Новый метод SPLASH открывает путь для таргетирования лекарств против устойчивости микробов
Исследователи из Сингапура разработали новый высокопроизводительный метод SPLASH (Sequencing of Psoralen Linked And Selected Hybrids), который в беспристрастном и крупномасштабном режиме идентифицирует, как молекулы рибонуклеиновой кислоты (RNA) объединяются внутри клеток. Технику использовали для описания RNA-сети в клетках человека и дрожжей, её динамики, а также влияния структурной организации на процессы трансляции и распада в клетке.

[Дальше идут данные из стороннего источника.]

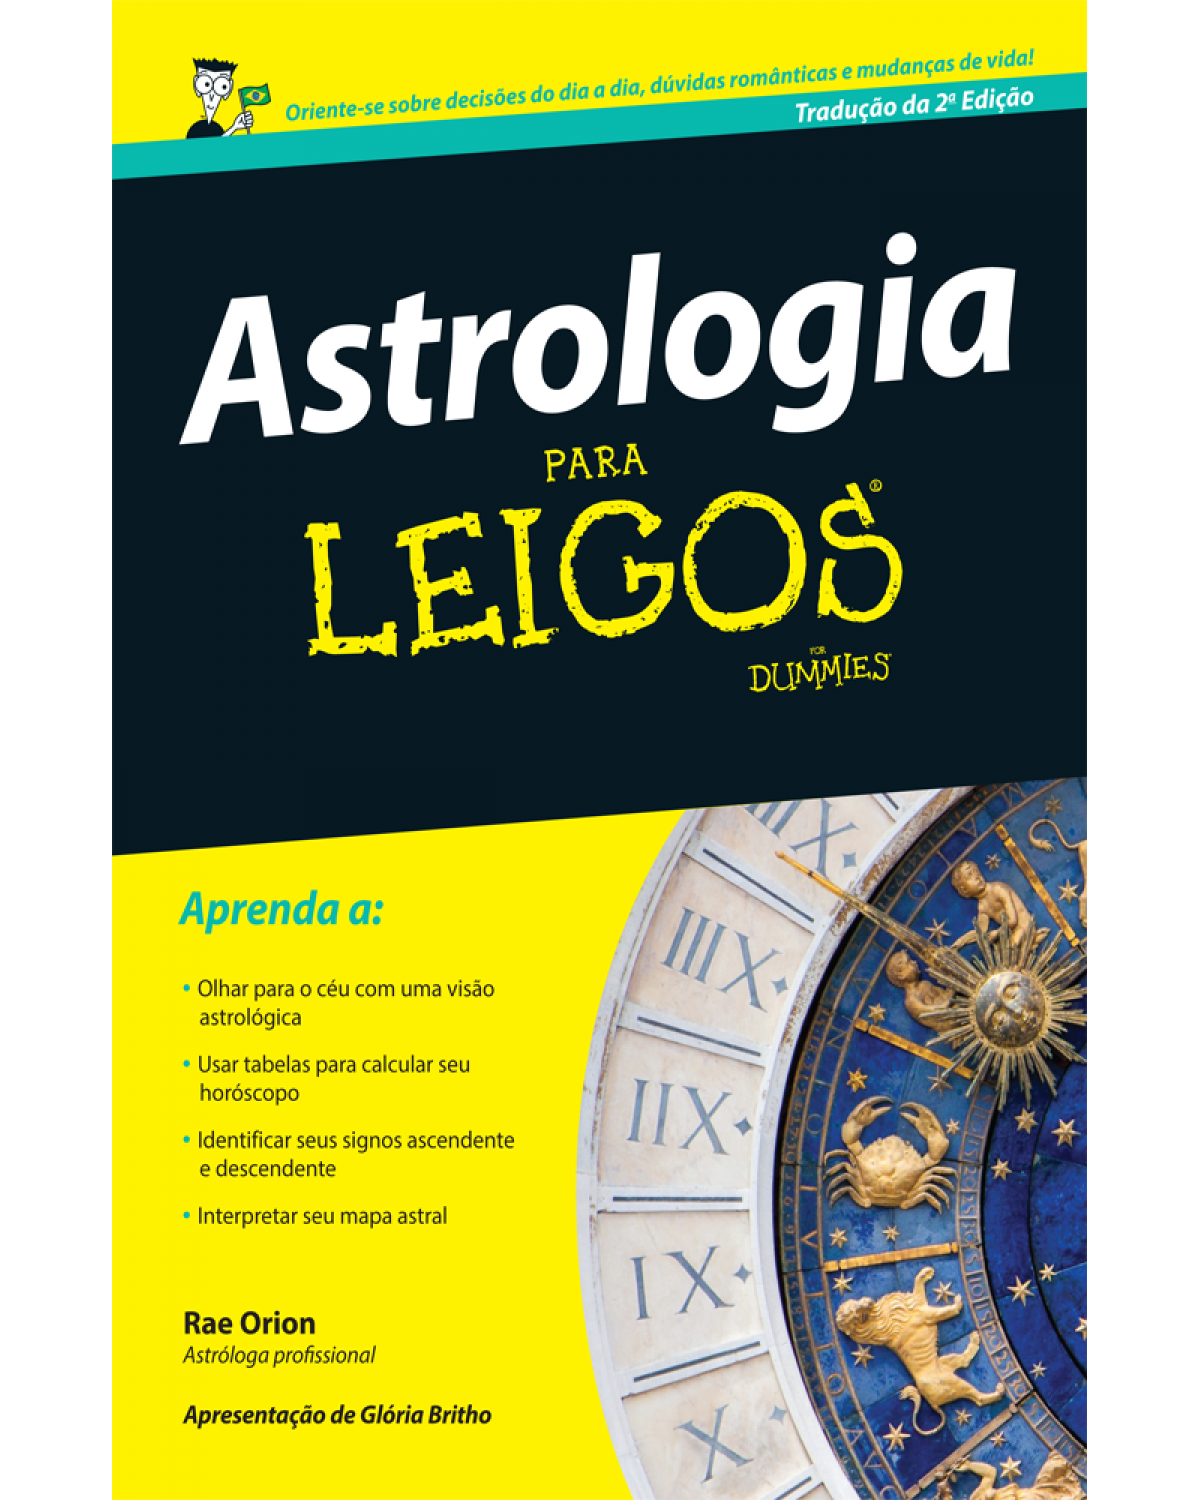 Astrologia para leigos - 2ª Edição | 2015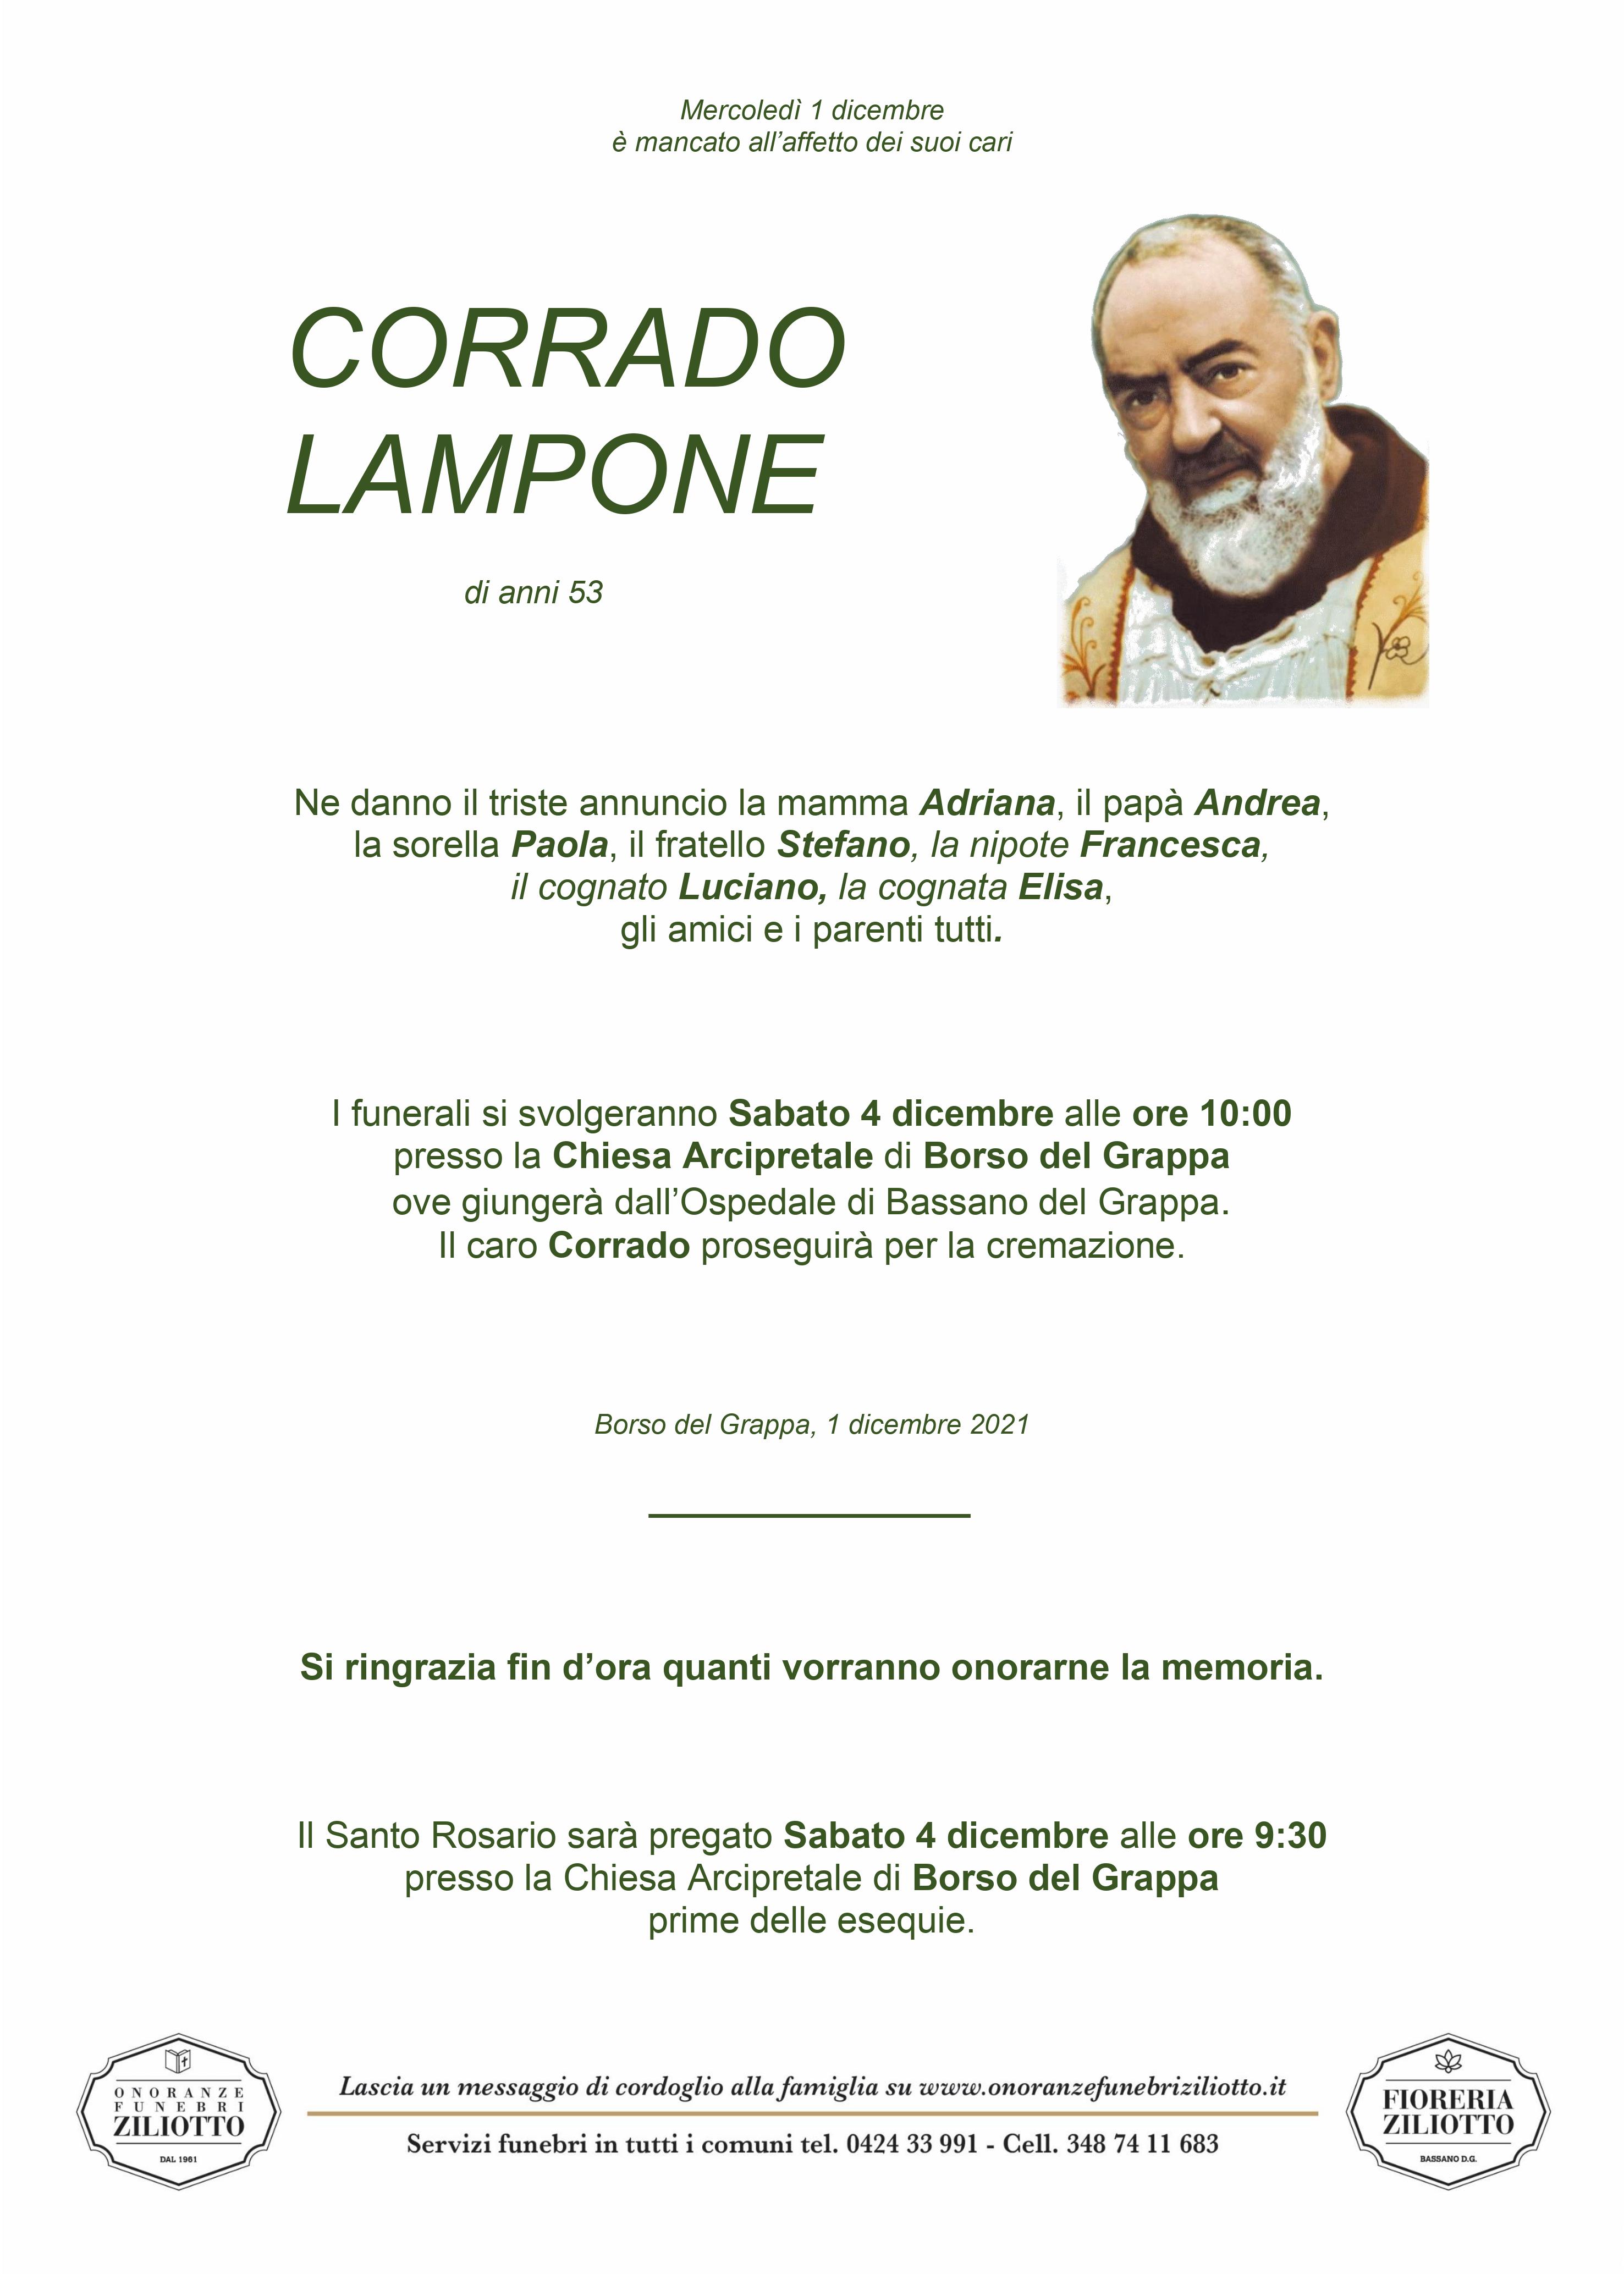 Corrado Lampone - 53 anni - Borso del Grappa

Разработка велась совместно докторами Ван Юэ и Ниранджаном Нагараджаном из Института генома Сингапура (GIS) A*STAR и была опубликована онлайн 12 мая 2016 года в журнале Molecular Cell.
RNA — ключевые молекулы, регулирующие экспрессию генов. В то время как научное сообщество десятилетиями изучало, как сворачиваются и взаимодействуют клеточные машины, такие как белки и хроматин, о том, как RNA взаимодействует сама с собой или с другими молекулами RNA, известно меньше. Это ограничение побудило команду создать SPLASH.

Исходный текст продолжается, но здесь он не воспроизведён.